Harm reduction advice includes avoiding use in unsafe environments or by individuals with pre-existing medical or psychological conditions. It is also strongly recommended to avoid mixing 5-MeO-MiPT with other substances like stimulants or certain psychedelics due to unpredictable interactions and increased risk of adverse effects.
Legal Status and Societal Context
The legal status of 5-MeO-MiPT varies significantly across different jurisdictions, reflecting the challenges regulatory bodies face with new psychoactive substances (NPS). In the United States, 5-MeO-MiPT is not federally scheduled, but it can be prosecuted under the Federal Analogue Act (21 U.S.C. ยง 813) if intended for human consumption. This act allows substances structurally similar to Schedule I or II controlled substances to be treated as such if intended for human consumption, effectively making 5-MeO-MiPT illegal if sold or possessed with this intent due to its structural resemblance to controlled tryptamines like 5-MeO-DiPT.

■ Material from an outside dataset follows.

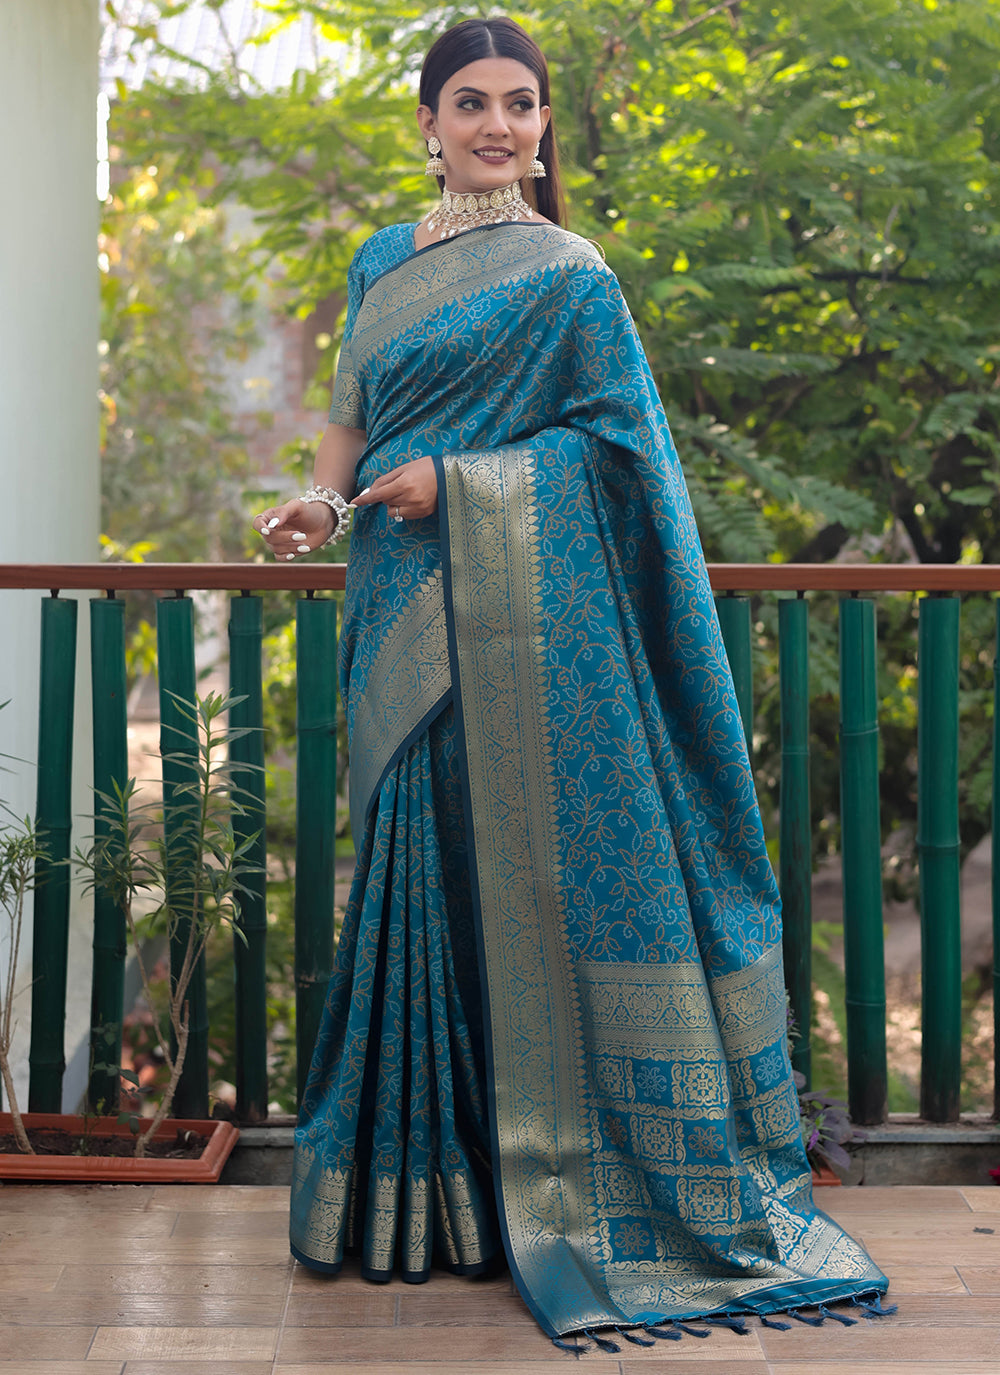 Contemporary Style Saree For Mehndi

For example, 5-MeO-MiPT is a Class A drug in the United Kingdom. In Florida and Louisiana, it is classified as a Schedule I controlled substance. Other countries, such as China and Finland, have also explicitly controlled 5-MeO-MiPT, while it remains unscheduled in Canada and Luxembourg. The rapid emergence of new psychoactive substances like 5-MeO-MiPT poses an ongoing challenge for legal frameworks globally, as chemists continually modify molecular structures to bypass existing drug laws.